Turkey has "no reason to target Russia with whom we have strong relations," Turkish President Recep Tayyip Erdoğan said, according to Turkey's Hurriyet News.
Turkey shot down a Russian Su-24 warplane near the Syrian border two days ago.
Erdogan said the "nationality of the plane was unknown at the time of the incident."
The Turkish president also responded to allegations by Russia's Prime Minister, Dmitry Medvedev, who said Turkey was buying oil from IS. Erdogan said that Syrian President Bashar al-Assad was buying the oil from IS, and accused Russia of not fighting IS but of targeting the "moderate opposition."
A group of Turkish businessmen have reportedly been detained in the Russian city of Krasnodar for "making false statements about their trip to the country," Turkey's Hurriyet News is reporting.
The report comes amid soaring tensions between Turkey and Russia following the downing of a Russian Su-24 jet near the Syrian border two days ago.
The businessmen are thought to be part of a delegation attending an International Agricultural Fair on November 25 and are believed to have been brought before a judge early this morning. The businessmen are set to be deported, the report says.
A large mosque in Brussels has been evacuated after the discovery there of a suspicious envelope containing an unidentified white powder.
Police and decontamination crews converged at the Islamic and Cultural Center of Belgium, near the headquarters of the European Union, on November 26 to secure the scene.
A fire service spokesperson said someone at the mosque had called them to alert them to the suspicious substance.
Brussels has been under high security alert since November 21 following what officials described as credible threats of a "Paris-like attack," referring to the November 13 terrorist attacks in the French capital that left 130 dead and hundreds injured.
Since those attacks, which involved alleged terrorists from Belgium, a previously unknown group called Christian State has issued threats against Belgian mosques.
Some 500,000 Muslims live in Belgium. (Reuters, AP)
Turkey will not apologize for downing the Russian Su-24, Turkish President Recep Tayyip Erdogan has told CNN.
"I think if there is a party that needs to apologize, it is not us," Erdogan said.
"Those who violated our airspace are the ones who need to apologize. Our pilots and our armed forces, they simply fulfilled their duties, which consisted of responding to ... violations of the rules of engagement. I think this is the essence."

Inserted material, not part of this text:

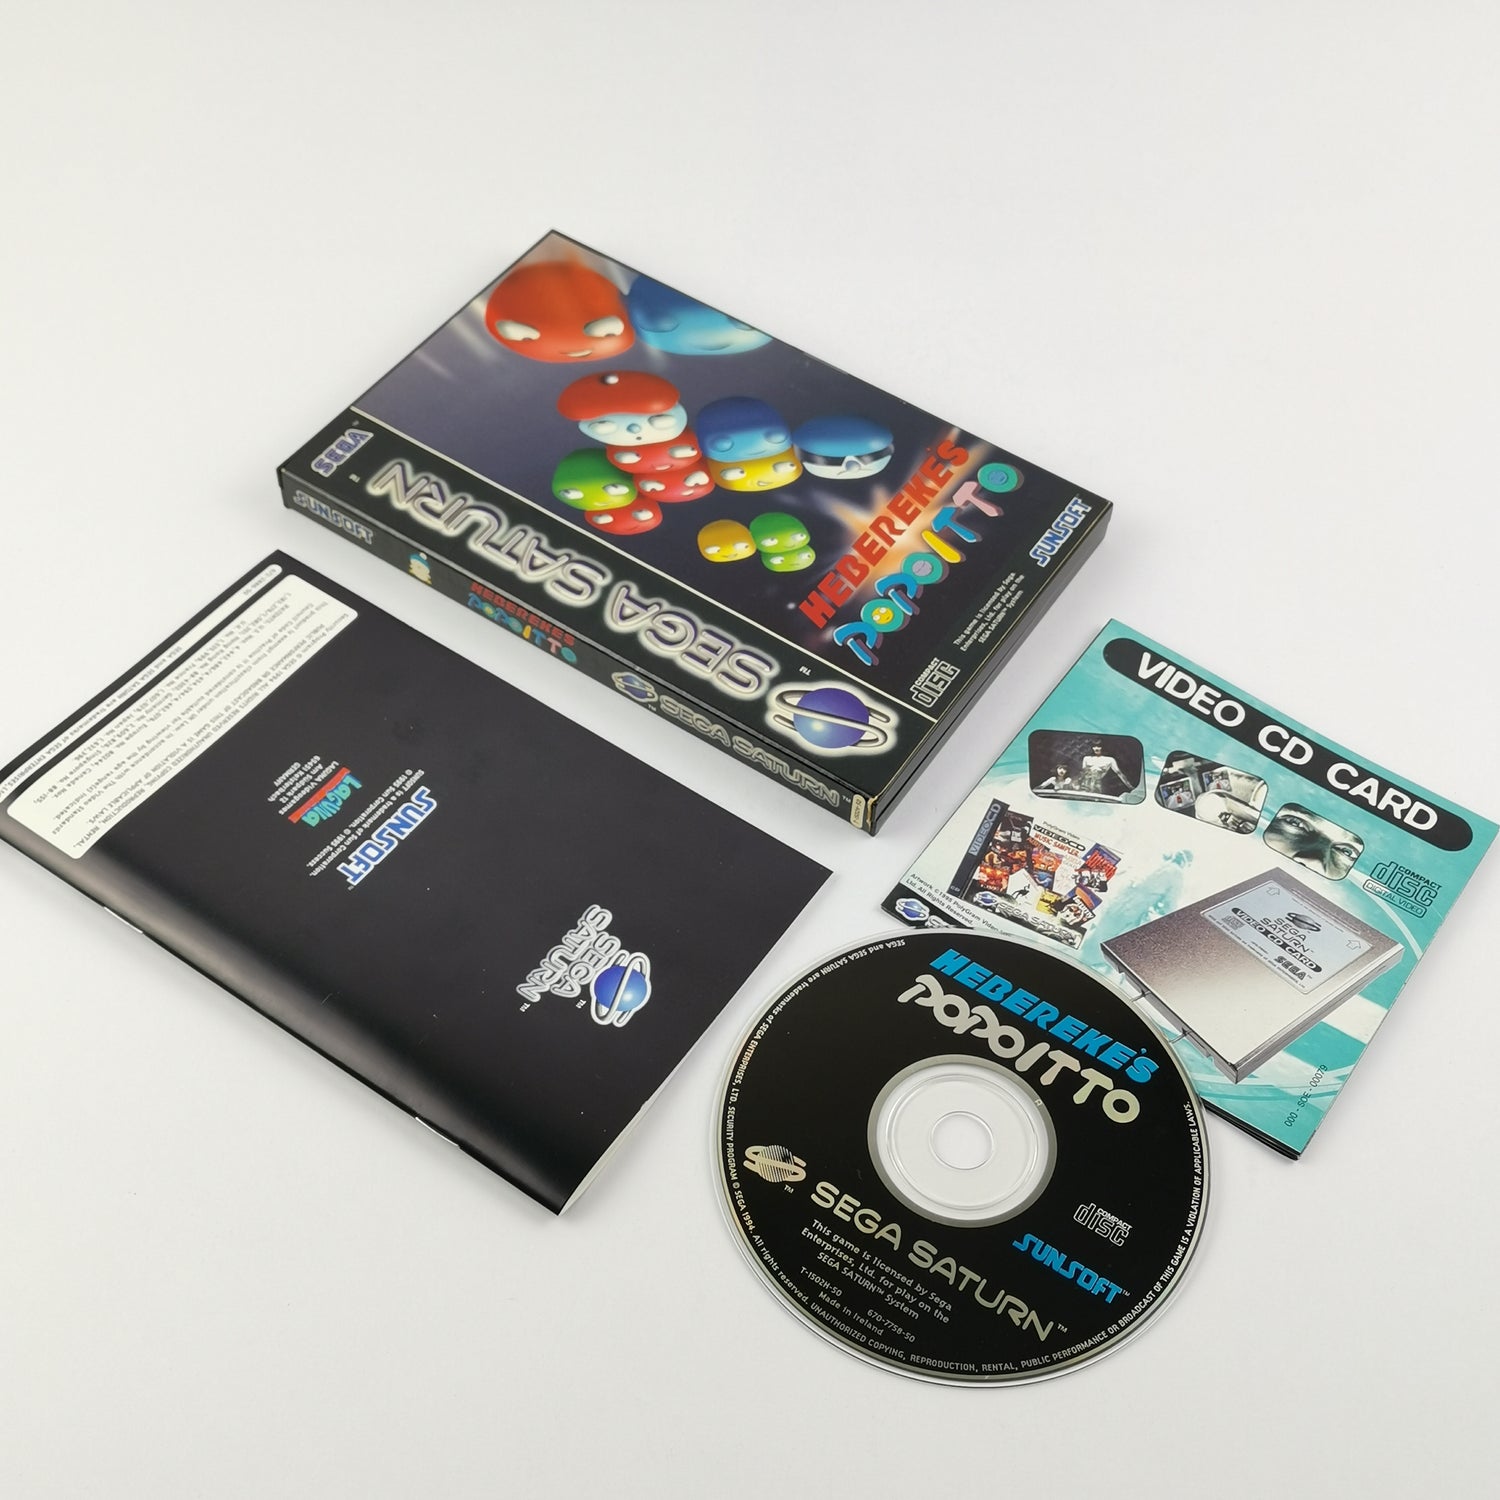 Sega Saturn Game: Hebereke's Popoitto - OVP Instructions PAL | SS Disc Sunsoft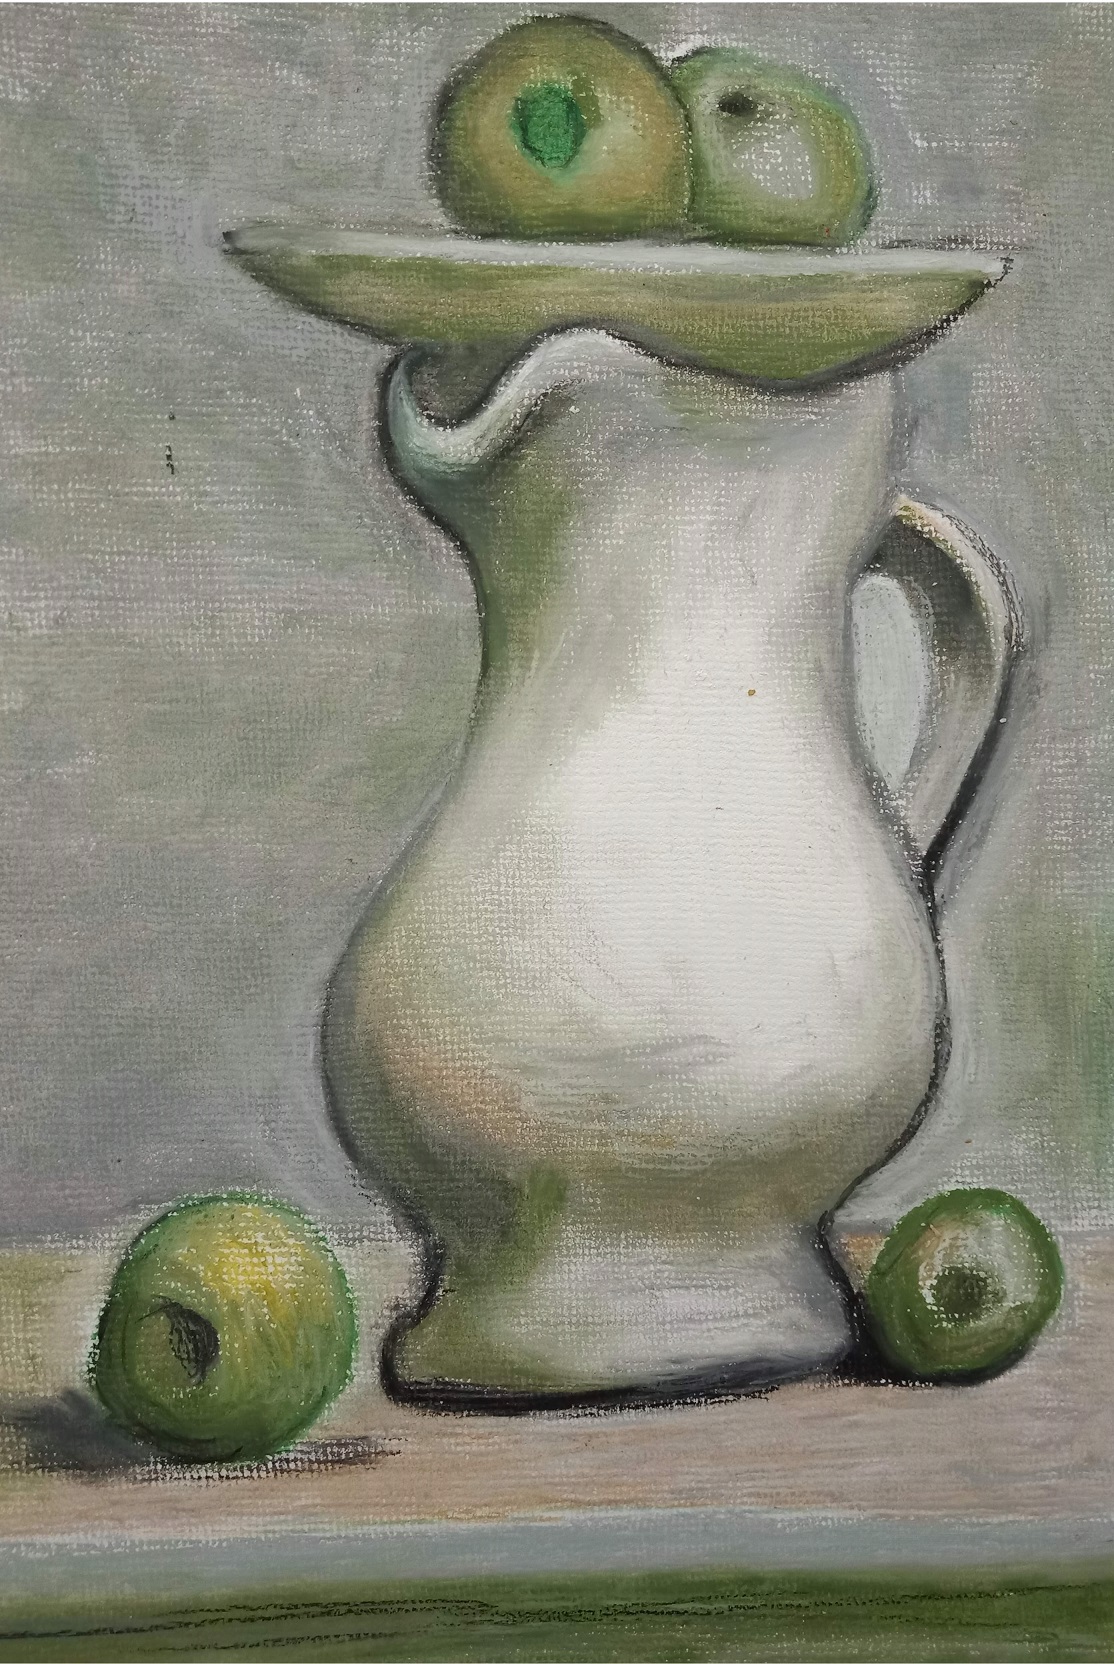 Olives and vase

Iran's Fars News, which has ties to the Iranian Revolutionary Guards Corps (IRGC), is reporting that Quds Force Commander Qassem Soleimani led the rescue operation that retrieved the Russian navigator from the downed Su-24 jet.
The Fars report comes after reports that Soleimani had been injured a few days ago in fighting in the southwest of Aleppo province.
Reports had been circulating that Soleimani had been killed or seriously injured. But a security source on the ground in Syria told AFP yesterday that the general had been only "lightly injured."
Economic measures against Turkey in the wake of the downing of the Russian Su-24 warplane could include freezing the Turkish Stream proposed natural gas pipeline and the Akkuyu nuclear power plant, Russian Economic Development Minister Alexei Ulyukaev has said.
The Turkish Stream project "does not differ from any other project and it is likewise about our investment cooperation, and likewise is subject to the law on special economic measures, just like any other project," Ulyukaev said, adding that the Akkuyu nuclear plant is in the same category.
The Akkuyu plant is under construction in Turkey's Mersin province and is expected to be completed in 2020.
Russia's Foreign Ministry has called on the United Nations to react to a recent incident in which three Russian journalists escorted by the Syrian Army in a government-held area in Latakia were injured after coming under fire from armed opposition groups.
The three journalists -- two from RT and one from TASS -- were wearing "all the required identificating signs of media workers but were fired on," Foreign Ministry spokeswoman Maria Zakharova said in a press briefing.
The journalists were hit by a TOW anti-tank missile of the type supplied to Western-backed Free Syrian Army (FSA) rebels.
Zakharova also criticized the Western-backed rebels, saying that it was the "moderate opposition" who had "put photos of the journalists on the internet and wrote, 'if you see them, kill them'."
Russia has made no distinction between the IS group, Islamist rebels and Western-backed FSA fighters.
The Foreign Ministry's comments come amid soaring tensions with Turkey over the downing of the Russian Su-24 jet in Syria and amid ongoing criticism that Russian air strikes in Syria are targeting armed opposition groups rather than IS.
Russia's Foreign Ministry is calling on Russian citizens in Turkey to return home, AFP is reporting.
Russia's Foreign Ministry has said the United States is aware of the identities of the gunmen who shot a Russian pilot after he parachuted out of the downed Su-24 jet two days ago.
Foreign Ministry spokeswoman Maria Zakharova said she was waiting for "relevant statements" from the State Department regarding "who danced around the body of the Russian pilot."
"I would like to draw the attention of State Department's press service to [the fact that] social networks have all the information about those people, and their photographs too, who fired at the Russian pilot from the ground," Zakharova said.